◆ What this task involves:
Set down the data below word for word, and leave the images aside.

◆ Source material:
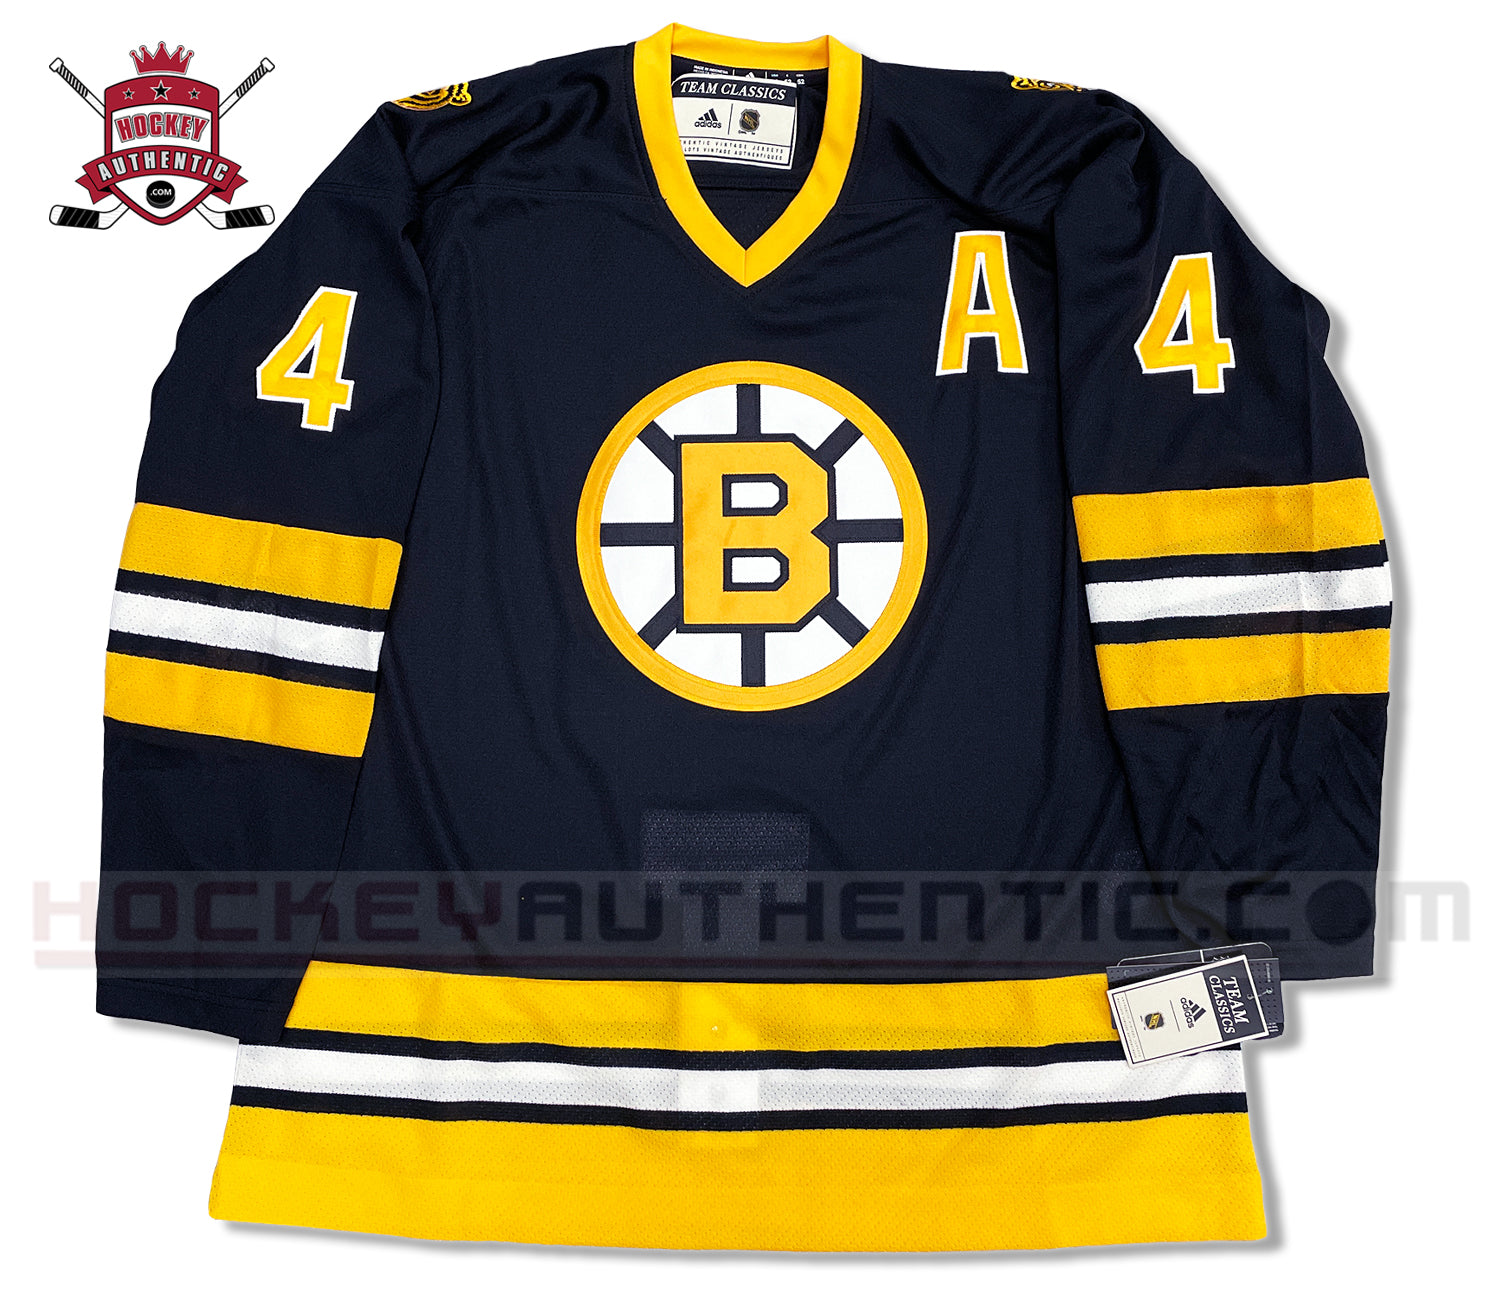 Boston Bruins Jerseys & Team Shop
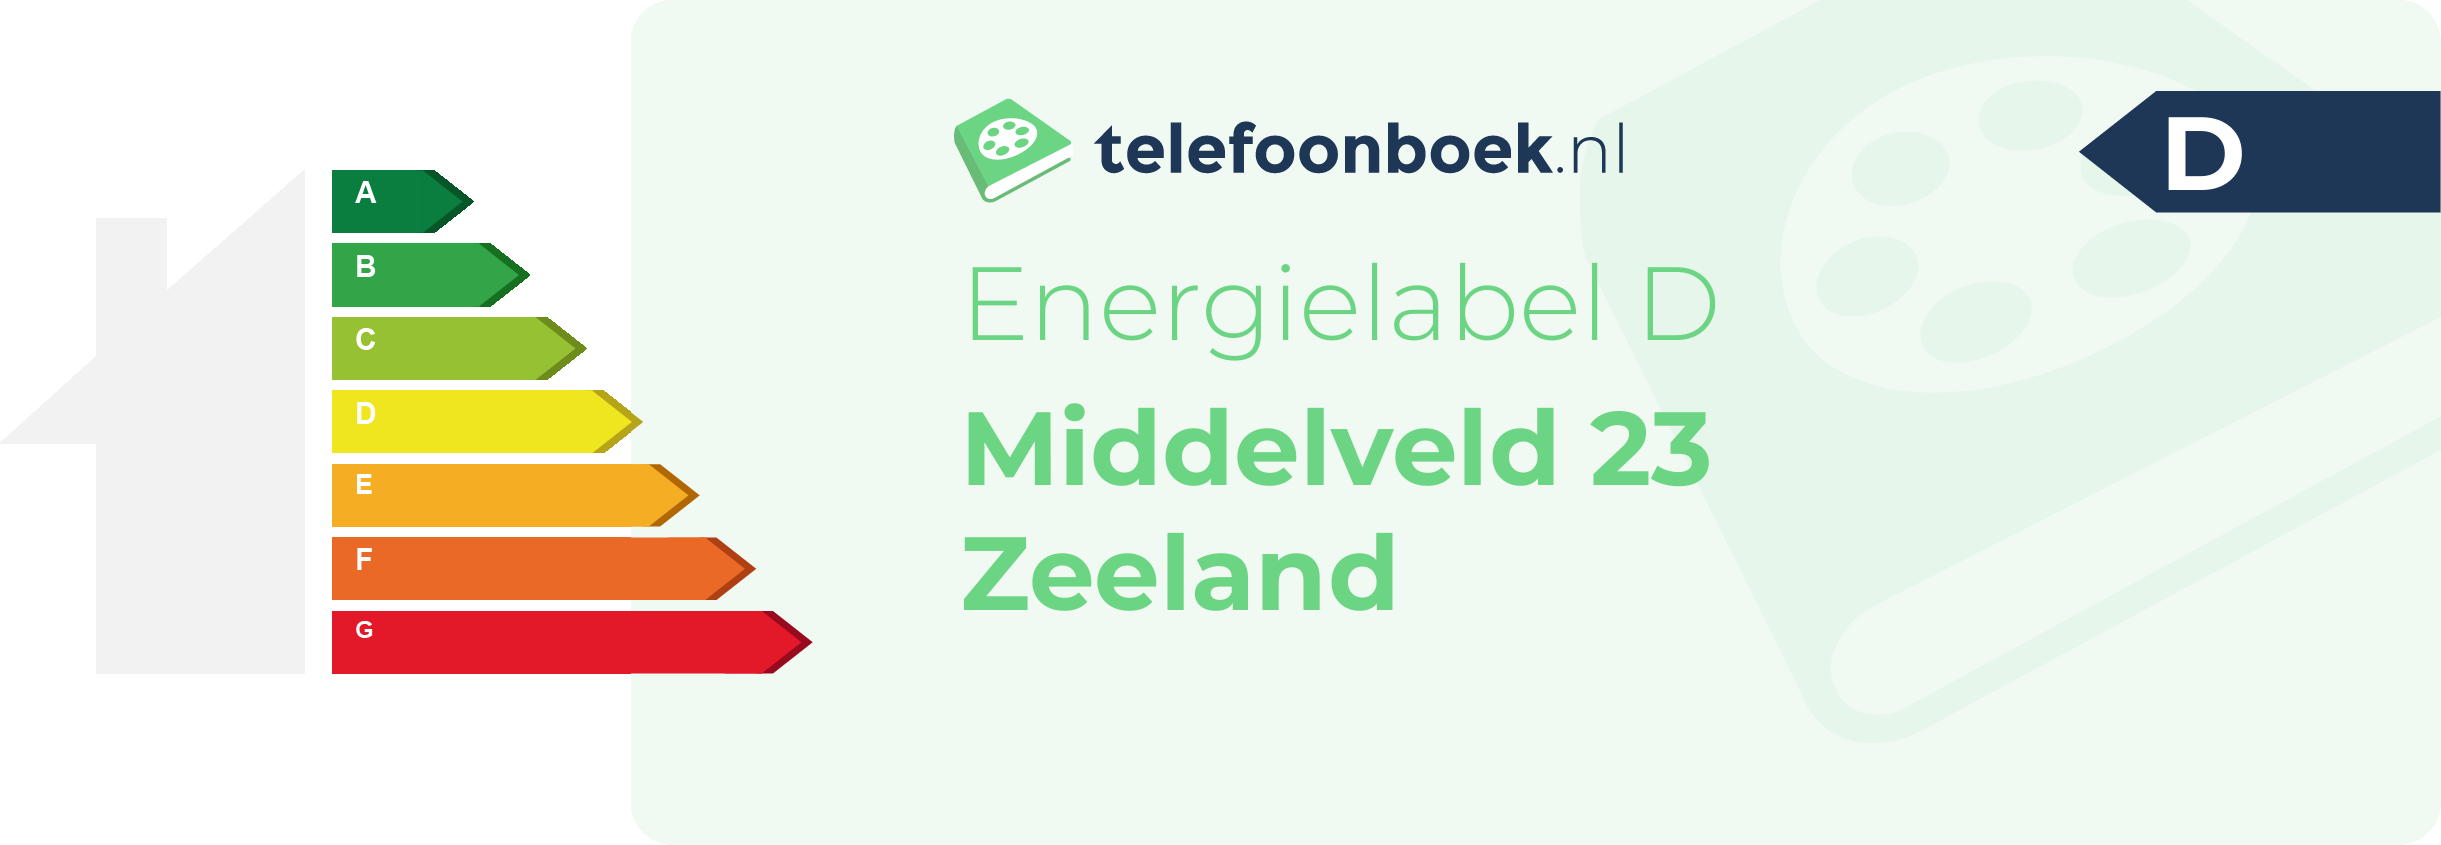 Energielabel Middelveld 23 Zeeland
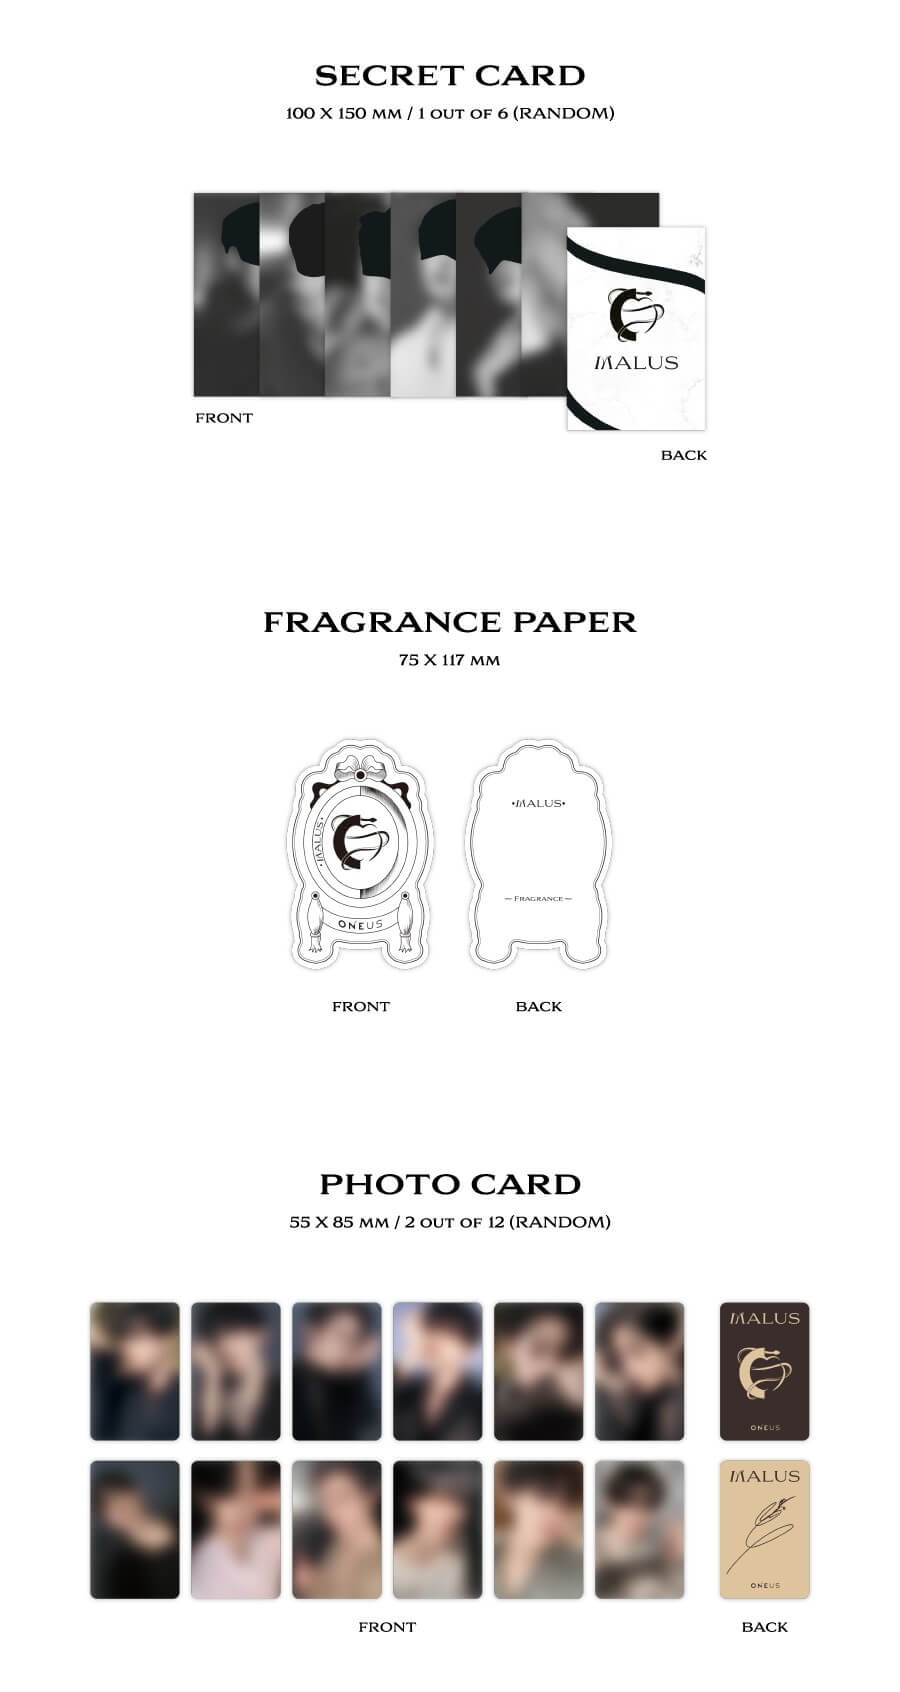 ONEUS MALUS MAIN Version Inclusions Secret Card Fragrance Paper Photocards
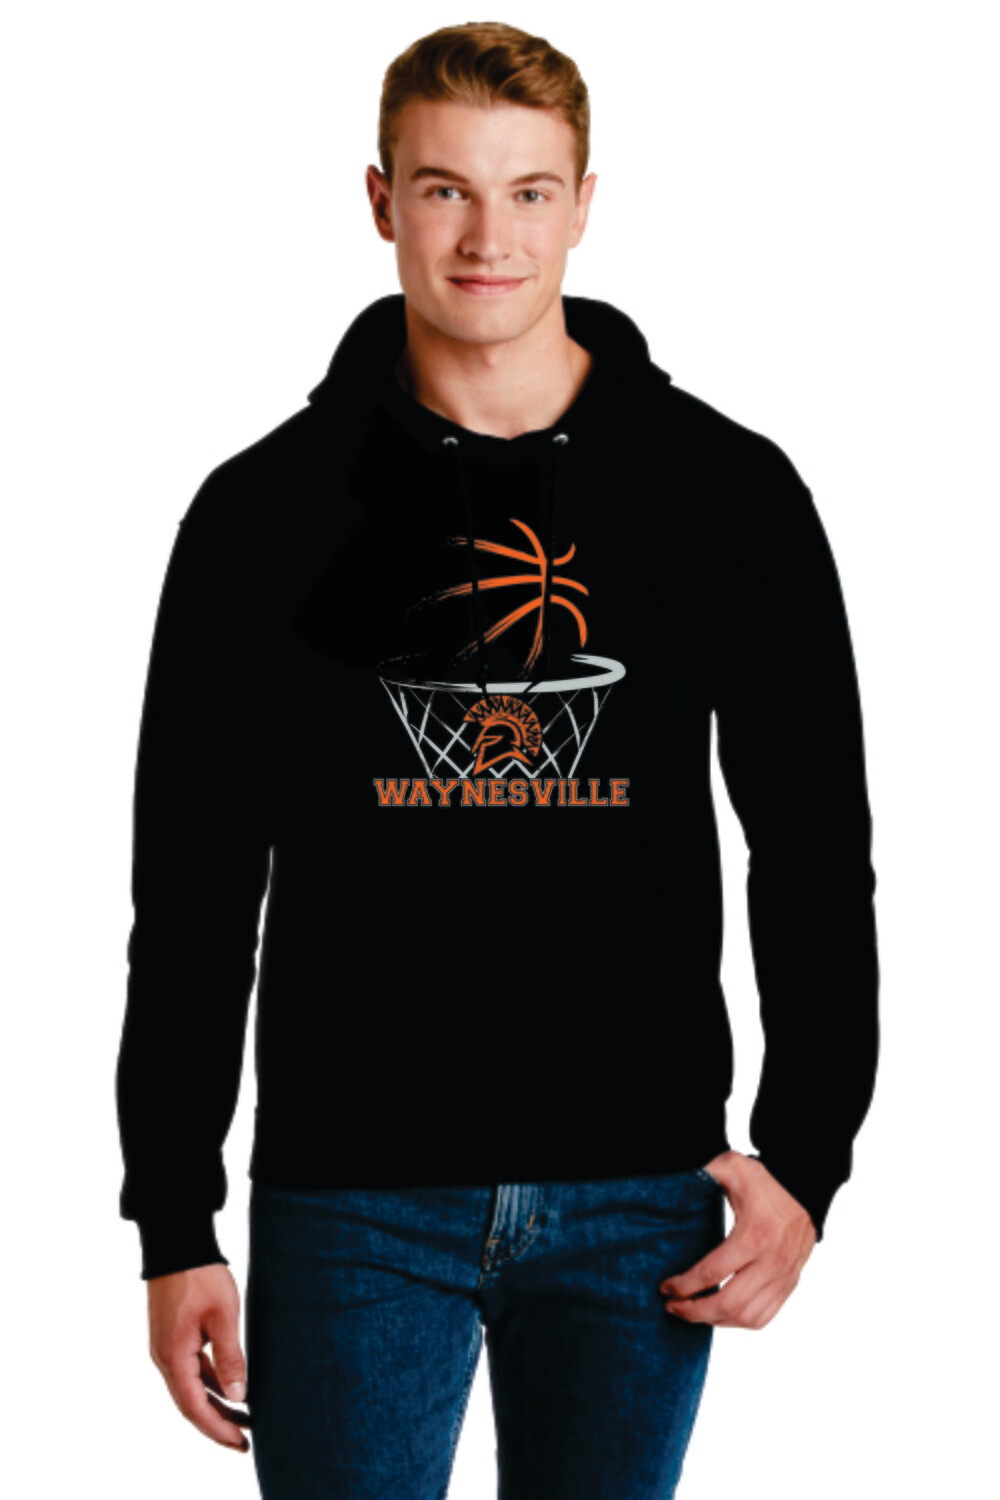 Waynesville Basketball Hoop
Hoodie & T-Shirt

◆ Result of this task:
 Boston Bruins Jerseys & Team Shop
 Energielabel Middelveld 23 Zeeland
 ONEUS MALUS MAIN Version Inclusions Secret Card Fragrance Paper Photocards
 Waynesville Basketball Hoop
Hoodie & T-Shirt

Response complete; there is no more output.